Some thoughts on enhancing High Availability in oVirt

Tue Feb 14 22:28:28 UTC 2012

On 02/14/2012 08:32 PM, Itamar Heim wrote:
> On 02/14/2012 06:31 PM, Adam Litke wrote:
>> On Thu, Feb 09, 2012 at 11:45:09AM -0500, Perry Myers wrote:
>>> warning: tl;dr
>>>
>>> Right now, HA in oVirt is limited to VM level granularity. Each VM
>>> provides a heartbeat through vdsm back to the oVirt Engine. If that
>>> heartbeat is lost, the VM is terminated and (if the user has configured
>>> it) the VM is relaunched. If the host running that VM has lost its
>>> heartbeat, the host is fenced (via a remote power operation) and all HA
>>> VMs are restarted on an alternate host.
>>>
>>
>> Has anyone considered how live snapshots and live block copy will
>> intersect HA
>> to provide a better end-user experience? For example, will we be able
>> to handle
>> a storage connection failure without power-cycling VMs by migrating
>> storage to a
>> failover storage domain and/or live-migrating the VM to a host with
>> functioning
>> storage connections?

Not sure I get the scope here - if the storage is dead, the VM won't be 
able to copy the storage to its new destination. There is only one 
theoretical chance it will work - for shared storage, if one of the 
hosts has its hba/nic/link/port dead maybe some other host will be able 
to access the storage. It seems like a long shot to me. More over,
not all of the guest IO reached the storage prior to the migration. Even 
w/ ODIRECT there is still various caches around, some belong to the VM, 
some may be meta data for image files.
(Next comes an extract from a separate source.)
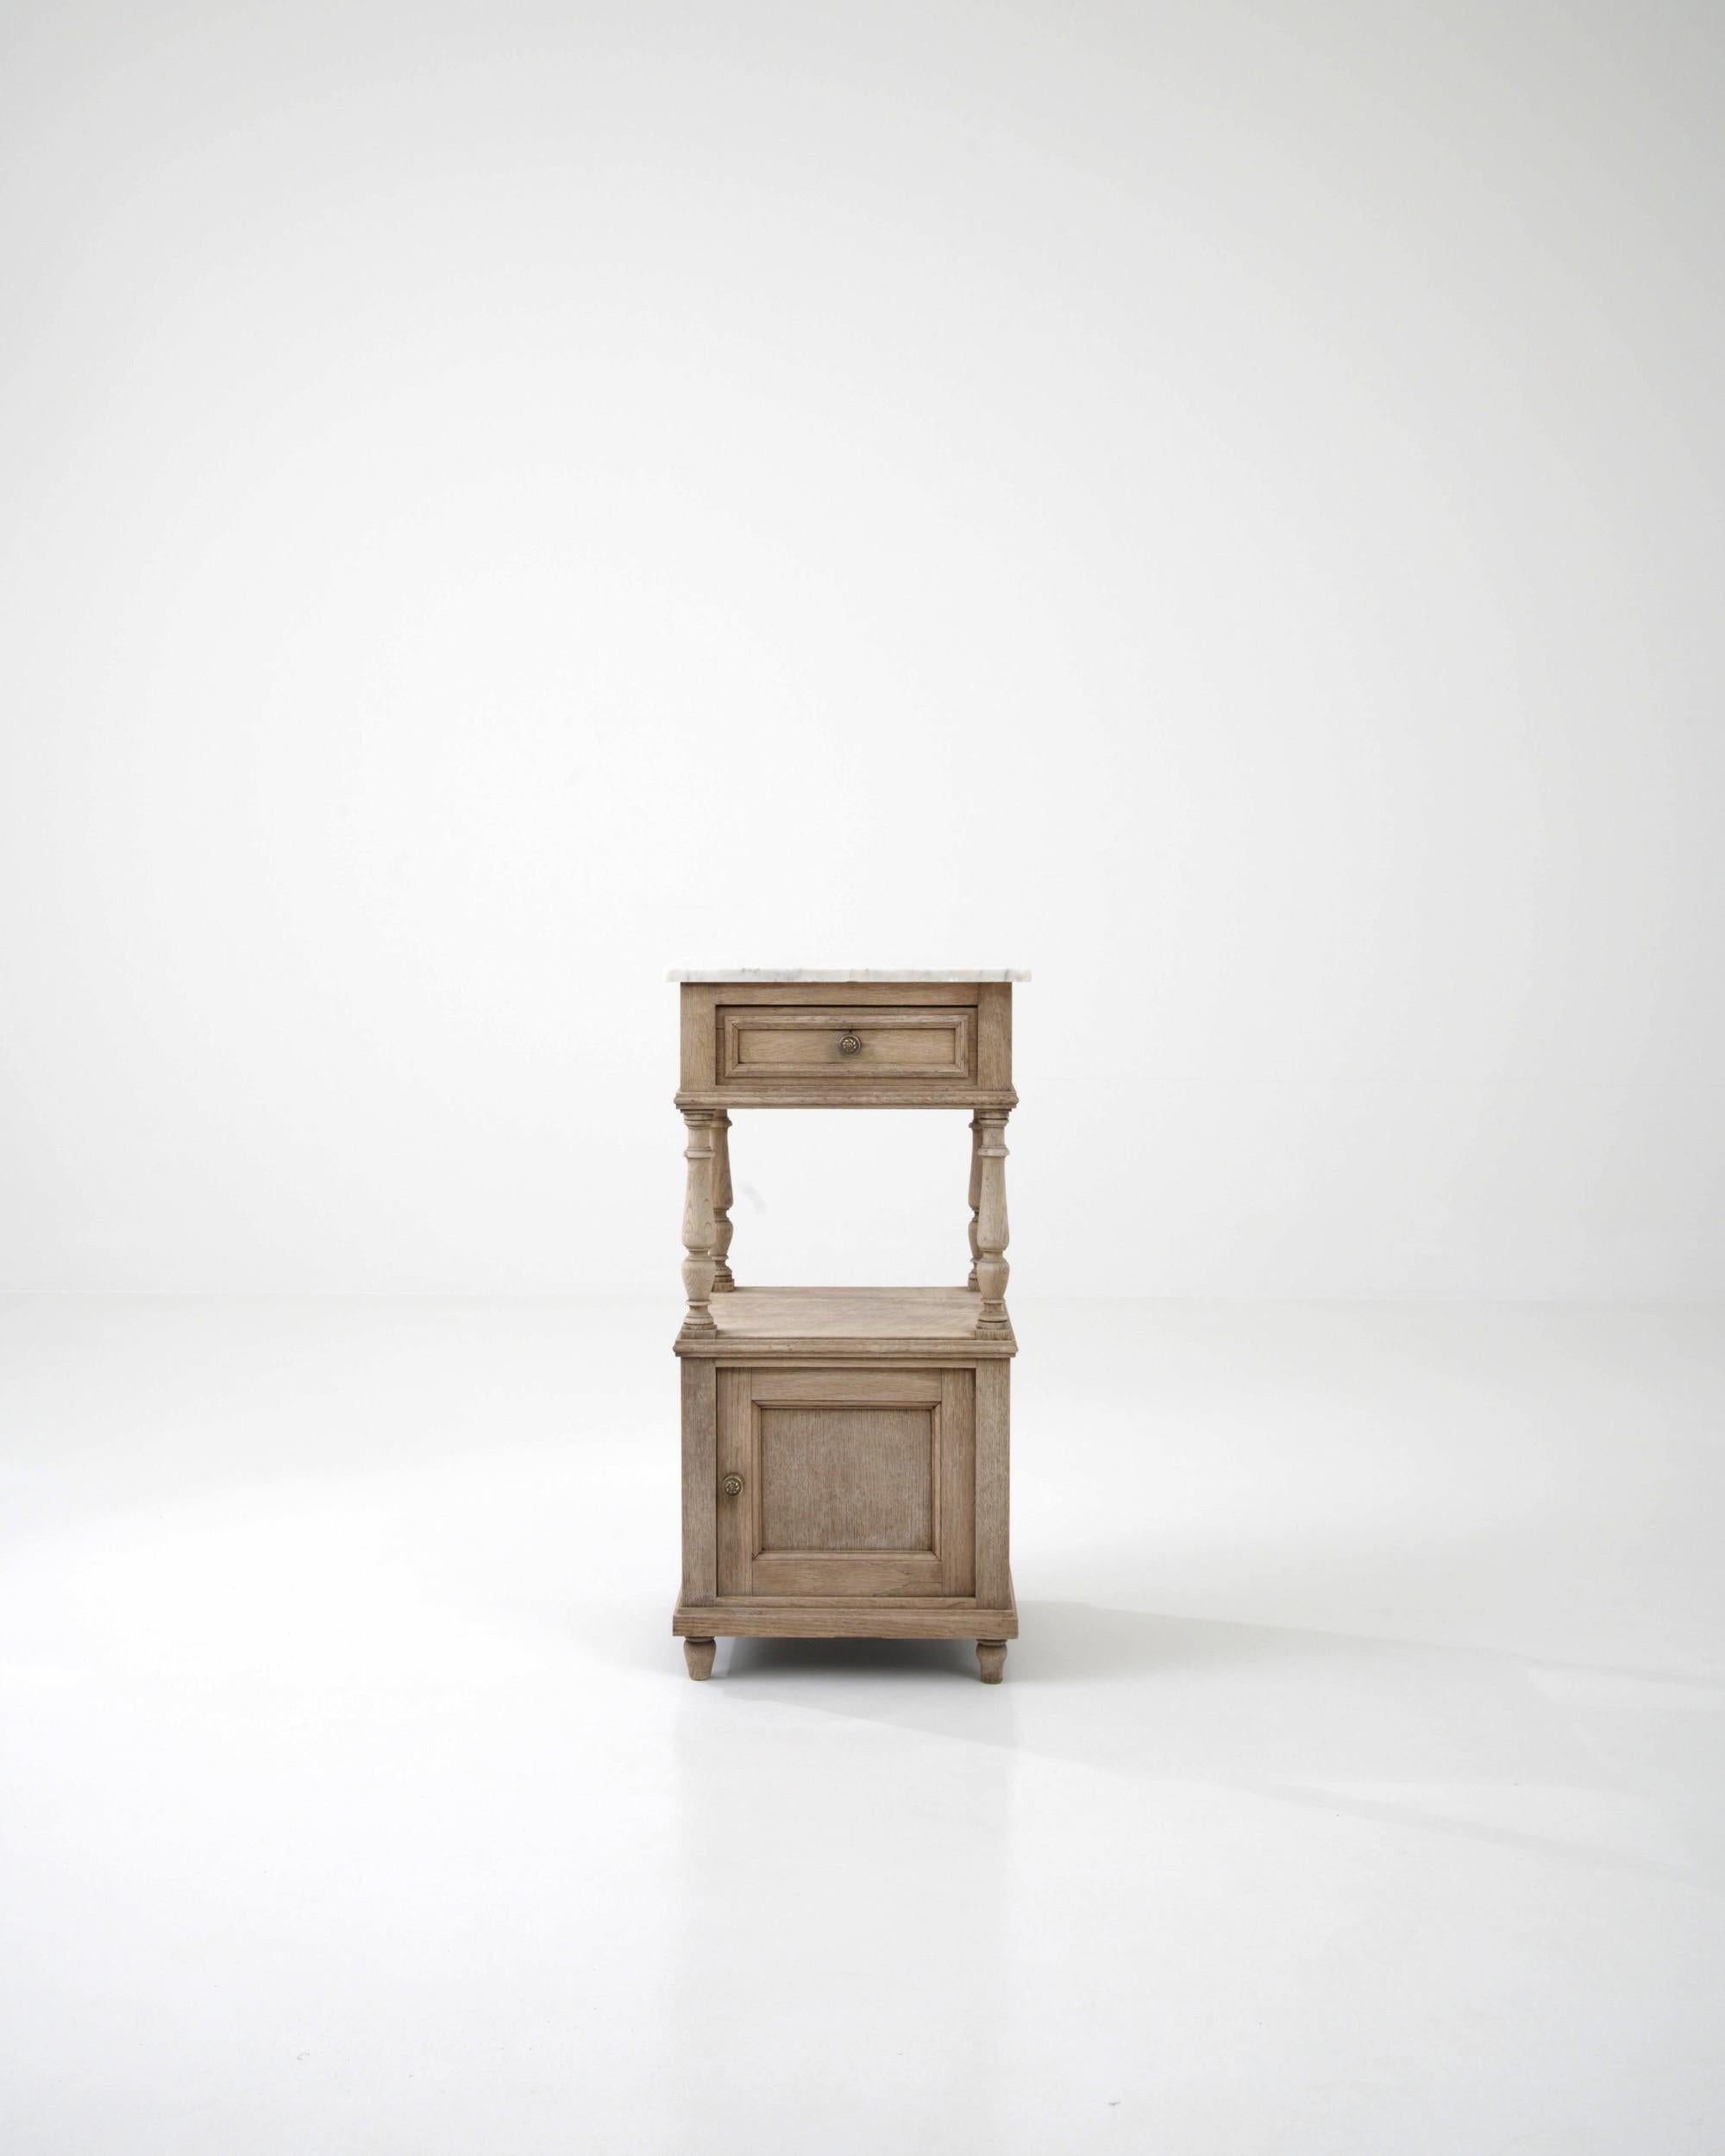 An oak night stand created in France circa 1900. Traditionally crafted, this subtly styled bedside table is adorned with a marble top, projecting a sense of calm and refined elegance. Cloudy gray veins drift through the ivory colored marble top
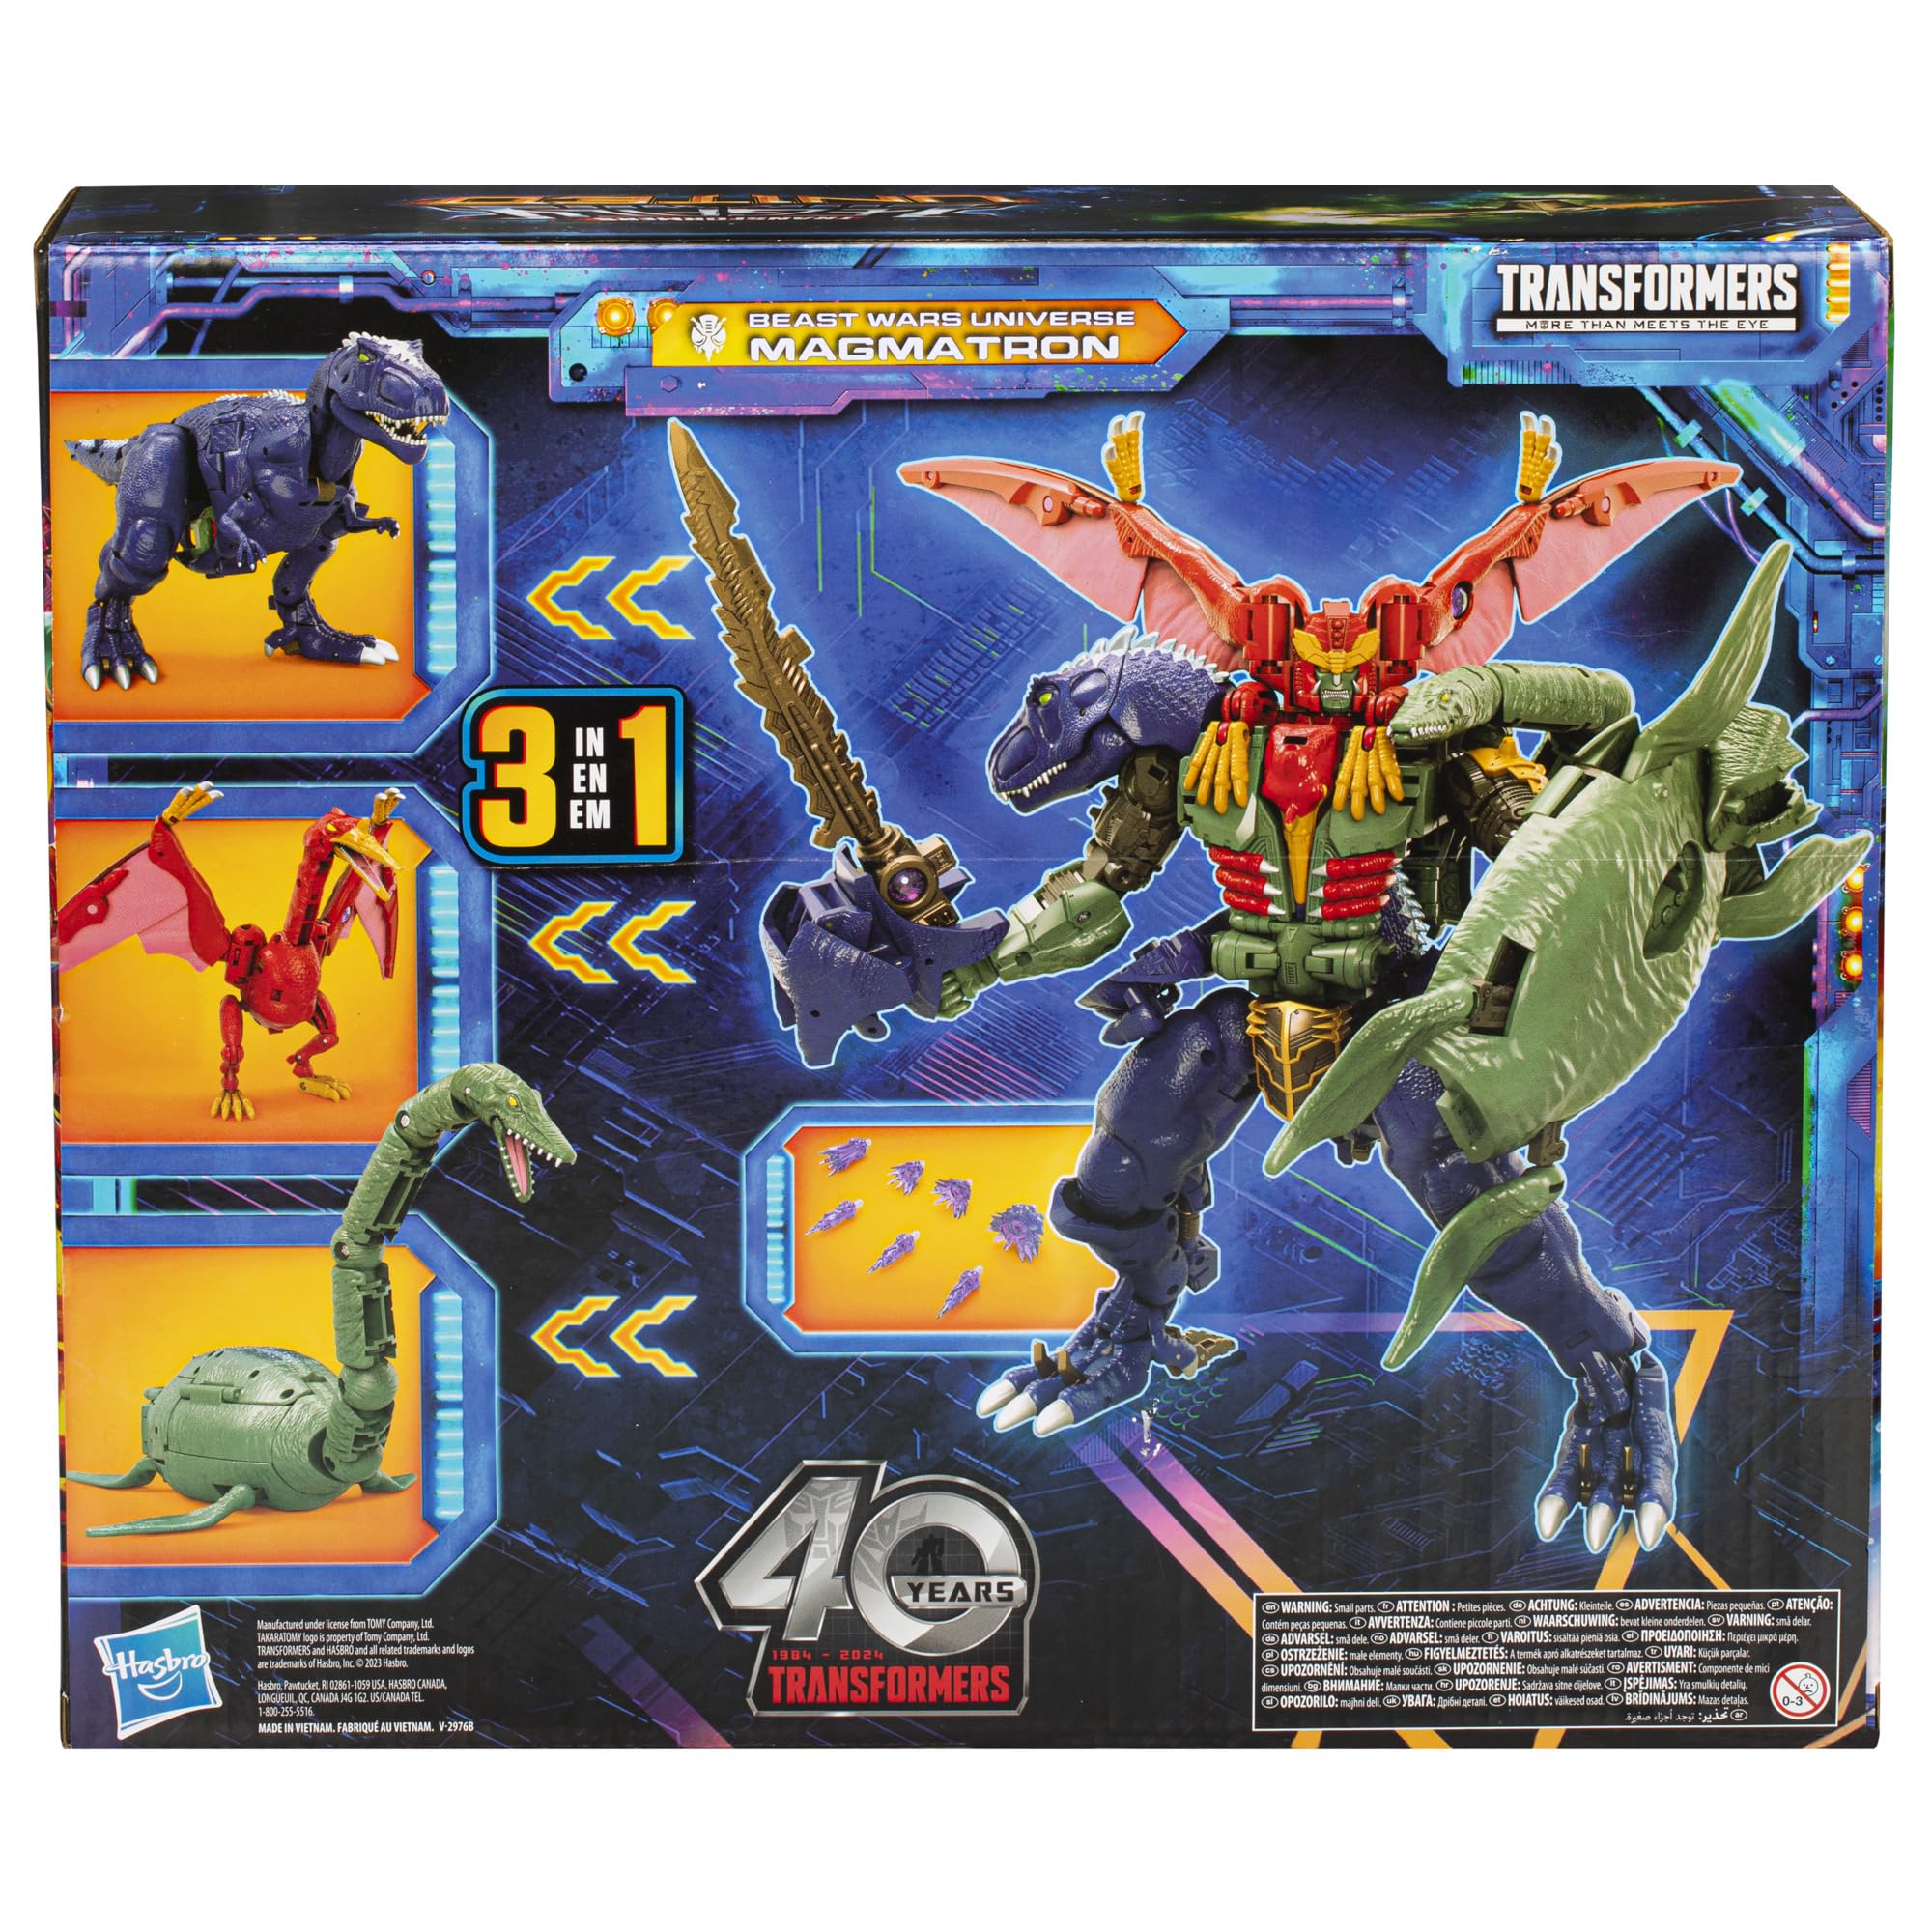 Transformers Legacy United Commander Class Beast Wars Universe Magmatron, 10-inch 3-in-1 Converting Action Figure, 8+

We won't be able to switch to 
another host w/o writing the data in most cases.
>
> cc'ing Dor - iirc, he mentioned an issue with live migrating a guest
> post an IO error

In short, while it may be theoretically possible in rare cases, I rather 
not to relay on it. Seems that the 'average' storage array/HBA is more 
stable than live migration + IO errors path...

Cheers,
Dor